Are you thinking of the best way to invest in commercial real estate in California? There’s nothing to worry about, seeing as there are many opportunities for the real estate agent, renter, and investor under the commercial real estate sector. 

However, before jumping into any investment opportunity, you’ll need first to understand the commercial real estate basics to avoid any mistakes. 

In this article, we will discuss the benefits of commercial real estate investing, CRE investing trends in 2021 and 2022, various commercial real estate loans and passive investing as a CRE investor, and tax benefits of commercial real estate. Let’s dig right in!
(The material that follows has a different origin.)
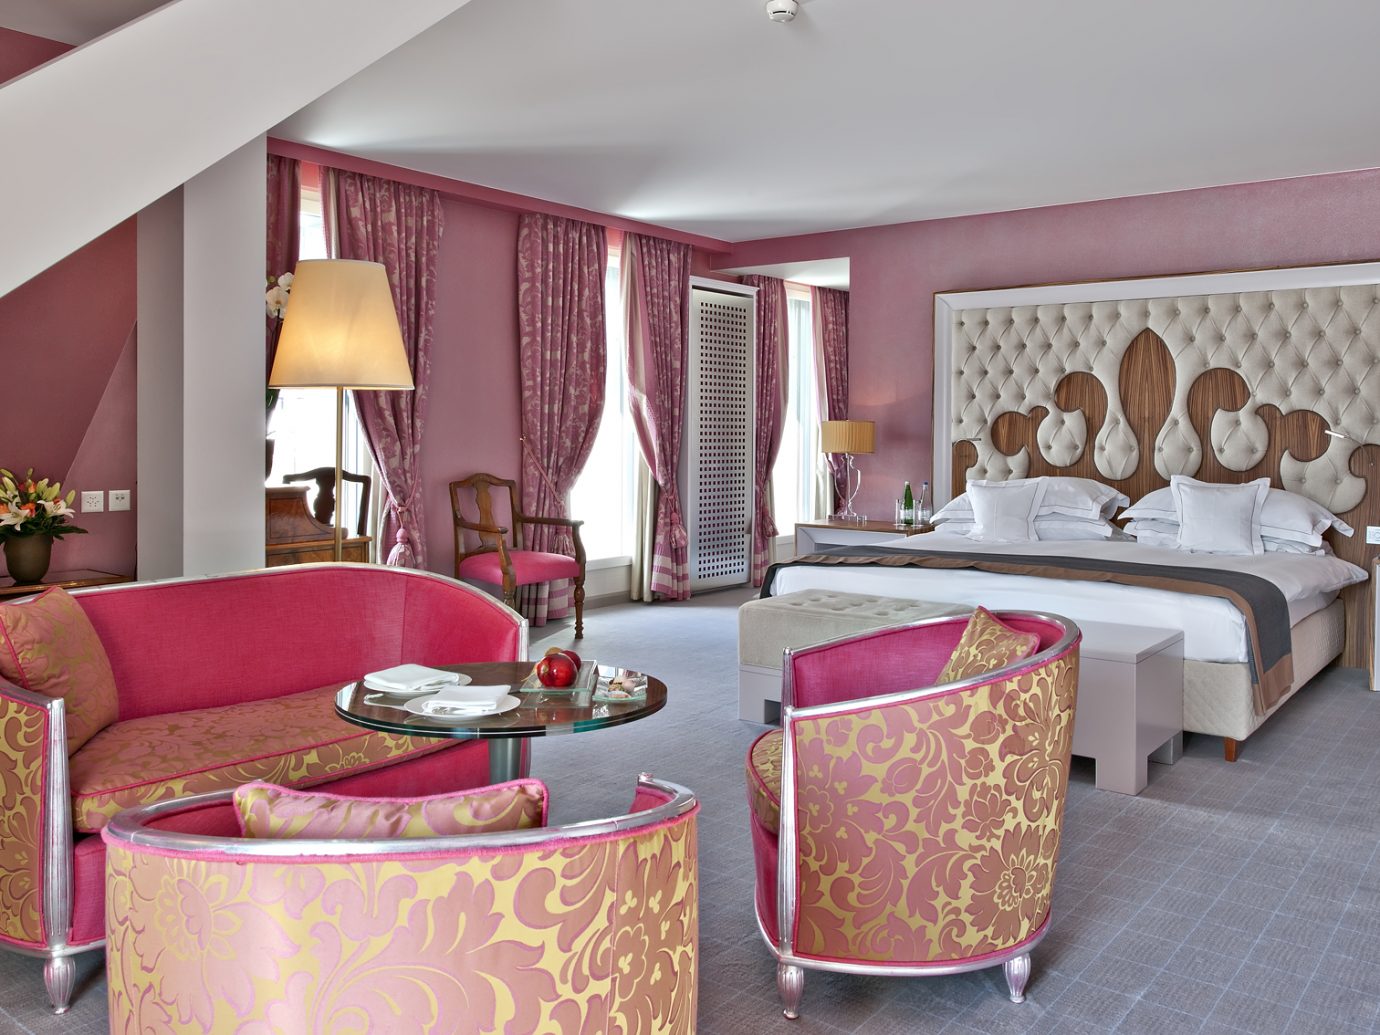 Bedroom at Carlton Hotel in St. Moritz

Benefits of Commercial Real Estate Investing

Commercial real estate investing is a personally and financially rewarding venture. For many investors, the reason for preferring commercial real estate is to gain security and future wealth, while for others, it’s for investment portfolio diversification and tax benefits. 

Regardless of your reason for choosing commercial real estate investment, the following are some of the benefits you’ll enjoy:

  • Higher Income

One significant benefit of commercial real estate investing is the higher potential income you enjoy. Compared to single-family properties’ one to four percent return on investment (ROI), commercial real estate has better ROI, between six to 12 percent.

Furthermore, CRE reduces vacancy risk due to the many available units in most commercial real estate properties. Lastly, commercial leases are often longer, meaning commercial property owners don’t usually experience low tenant turnover.

  • Cash Flow

Due to commercial properties’ longer lease periods, investors enjoy a consistent income stream. Not to mention that commercial real estate properties have more units than residential properties, meaning you can multiply your income streams quickly and achieve economies of scale. 

As a commercial real estate investor in California, you can opt for a triple net or NNN lease where your tenants pay for the building’s taxes, maintenance cost, and property insurance, increasing your landlord benefits. Suppose you’re interested in this option, you can find NNN properties here in California by checking out NNN Deal Finder.

  • Less Competition

Due to the perceived difficulty commercial real estate investment poses, most beginner investors tend to shy away from it. Thus, there’s less competition, and the sector is relatively unsaturated.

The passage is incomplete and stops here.